The Badlands – State Park – Bring on the Bacon
Dinosaurs were still on my mind as we packed our gear to hit the trail in the morning. Staying in Badlands National Park in a rustic cabin with a guest rabbit who visited every morning added charm to what proved to be a rugged climb up Saddle Pass. But I digress. One of the real treats during our stay came to us by way of the Cedar Pass Lodge diner. Breakfast is buffet all the way in the old West. While I normally don’t opt for pork, there was something compelling about the bacon. Bill conceded my point that the land still belonged to the dinosaurs “on average” pausing to bliss out on the best bacon either of us ever tasted. When I complimented the cook, who sat out back on a stump, he smiled through his handlebar mustache and said, “That makes me want to try a little harder next time.” The Tao of bacon; my first teaching of the day.
Lunar, Martian, frozen dinosaurs, ancient sea beds?
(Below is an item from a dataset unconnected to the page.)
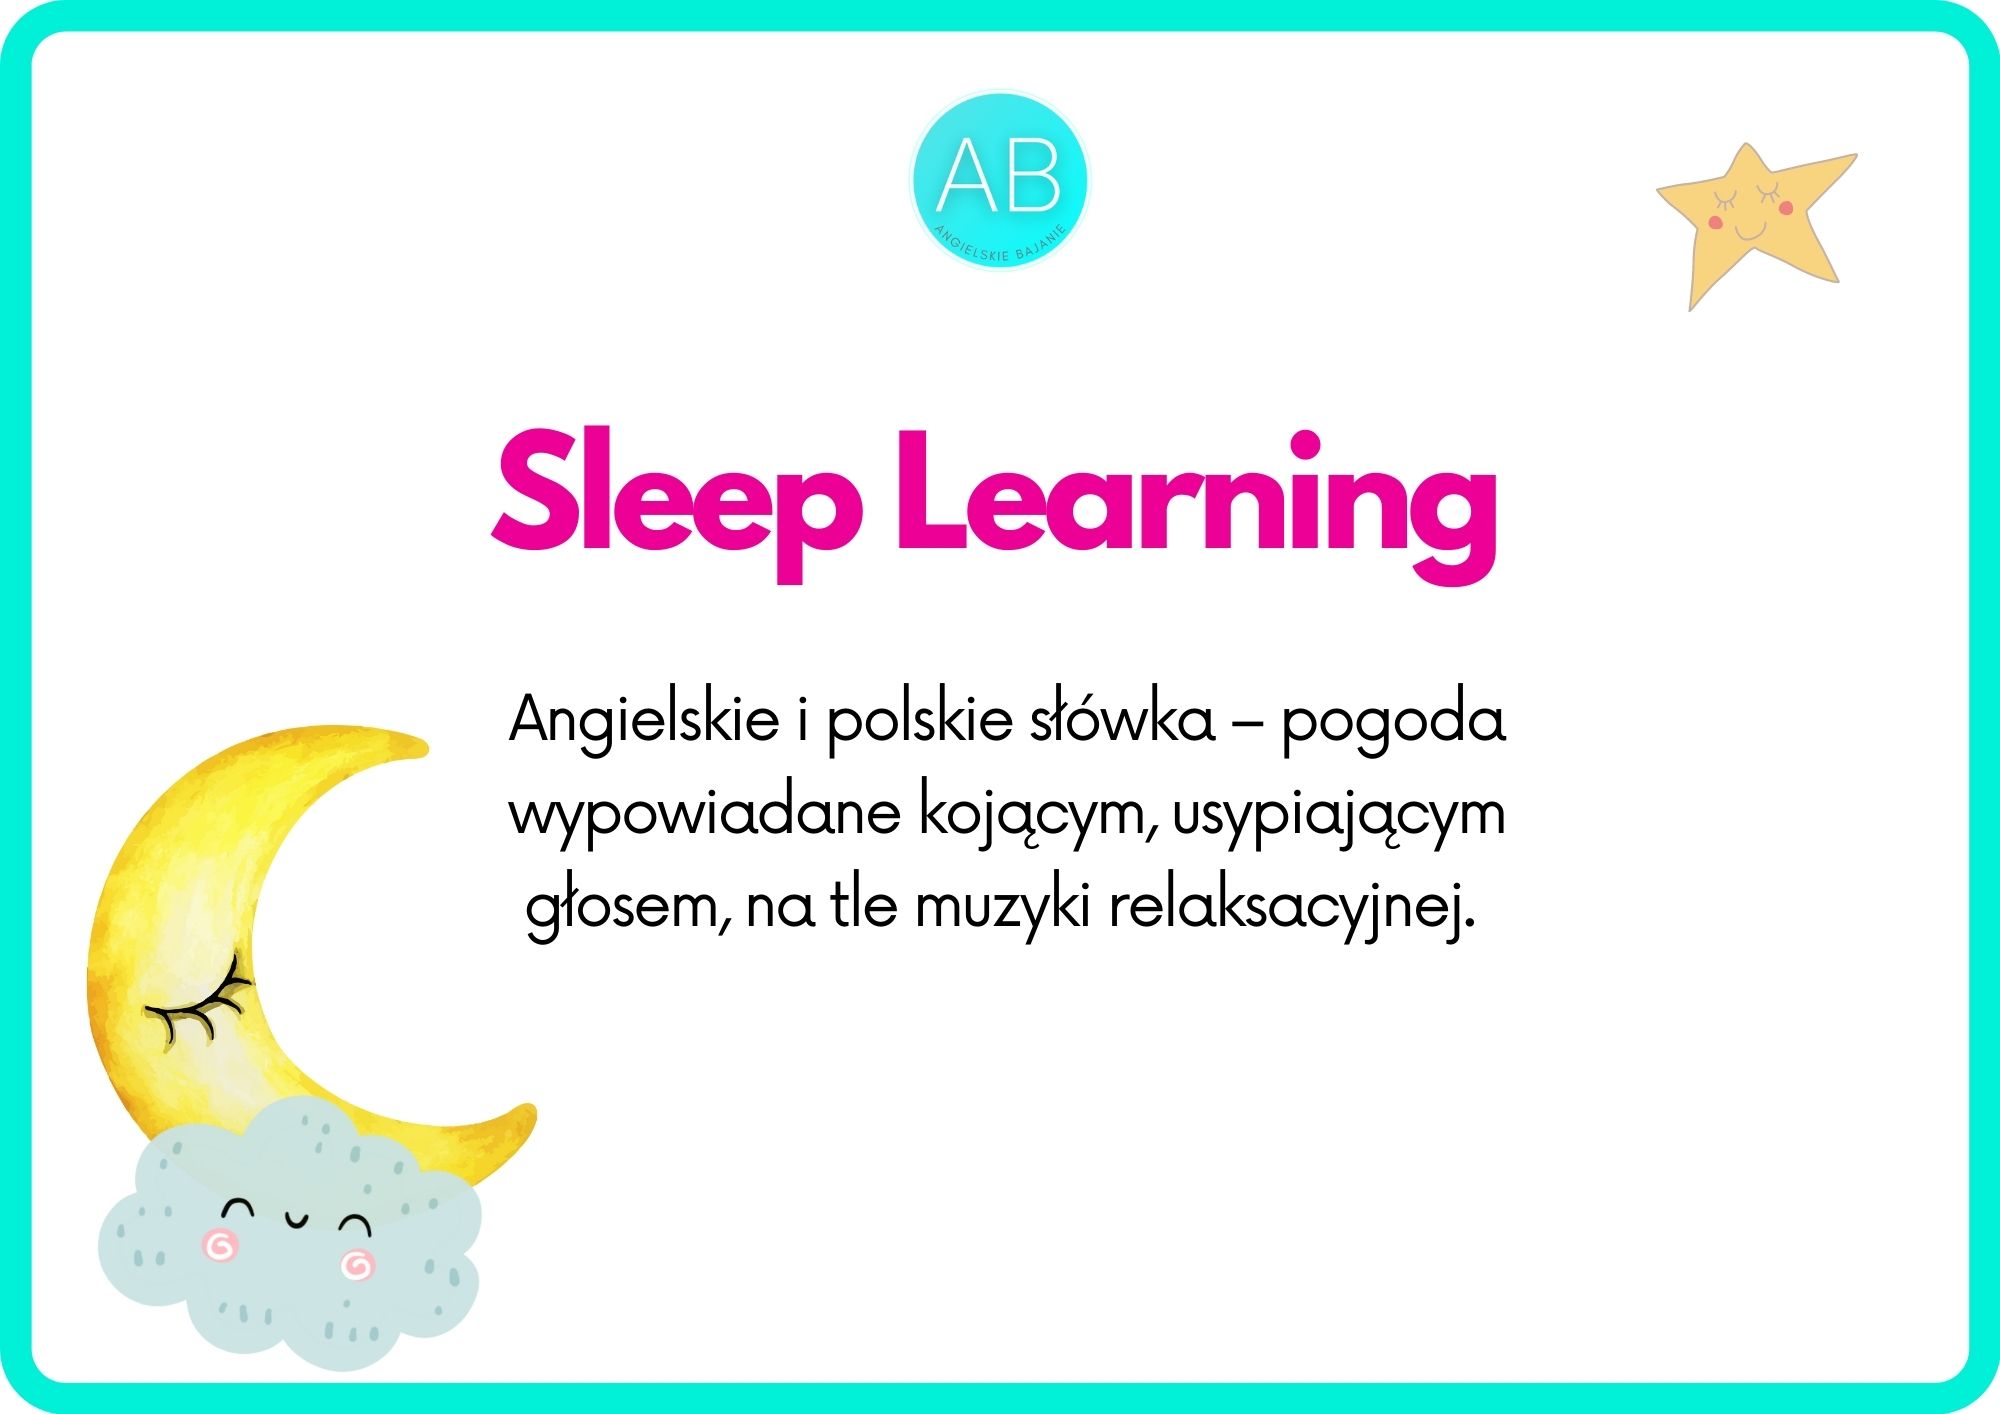 Sleep learning weather

The Badlands are eroding before our eyes, time rolling down the weathered, red and grey veined cliffs in little pebbles, the occasional boulder. Just another speck in the cosmos, I marveled at the vast, water carved history of the earth laid out before us, a living topographic map. Struggling up a steep, gravely trail called Saddle Pass, Bill and I emerged onto a prairie floor 1/4 mile above the other prairie below. The buttes were above us and below us with two prairies stretching in between. It was as if we emerged onto an African savannah through a narrow opening in the valley of time. I do not exaggerate, the dinosaurs will vouchsafe for me. Gave a little blood to the land, honored the ancestors and proceeded to the Buffalo Gap national grasslands, stopping at a lovely oasis along the way.
So came my second and most valuable lesson. The zen prairie dog who never blinked while I snapped several pictures from the window of the car was an elder in a town of chirping, cavorting, scuttling prairie dogs. There were always sentinels, looking out for the clan, who were very affectionate and frisky; a caring, lively community. There were miles of these towns along Sage Creek Rim road. But we were there to see the bison. It took us almost 7 miles to see a lone bull, standing under a tree and a few more miles to find several small herds, peacefully snacking on prairie grass. Parked on the dirt road in the middle of two hills of bison, we turned off the car and sat watching the herd. Bison are unlike cattle: their shapes, the look in their eyes, the grunting noises they make, the shaggy manes and little jumpy tails. While their rocking horse running gait was sort of comical, they seemed to glide along effortlessly when walking and grazing. The buffalo calves were goofy and played as comfortably with the big bulls as they did with the females and other youngsters, another peaceful, loving community in action. I wish I could describe the deep, noble feeling emanating from these large, soulful beings. White buffalo calf woman gave the American Indians the gift of the buffalo, which sustained them. The ancestors made their presence known. Again, I was humbled and deeply moved by the peace in the sound of the grass blowing in the wind. If human beings were as loving to one another as prairie dogs and bison are, our world would be renewed.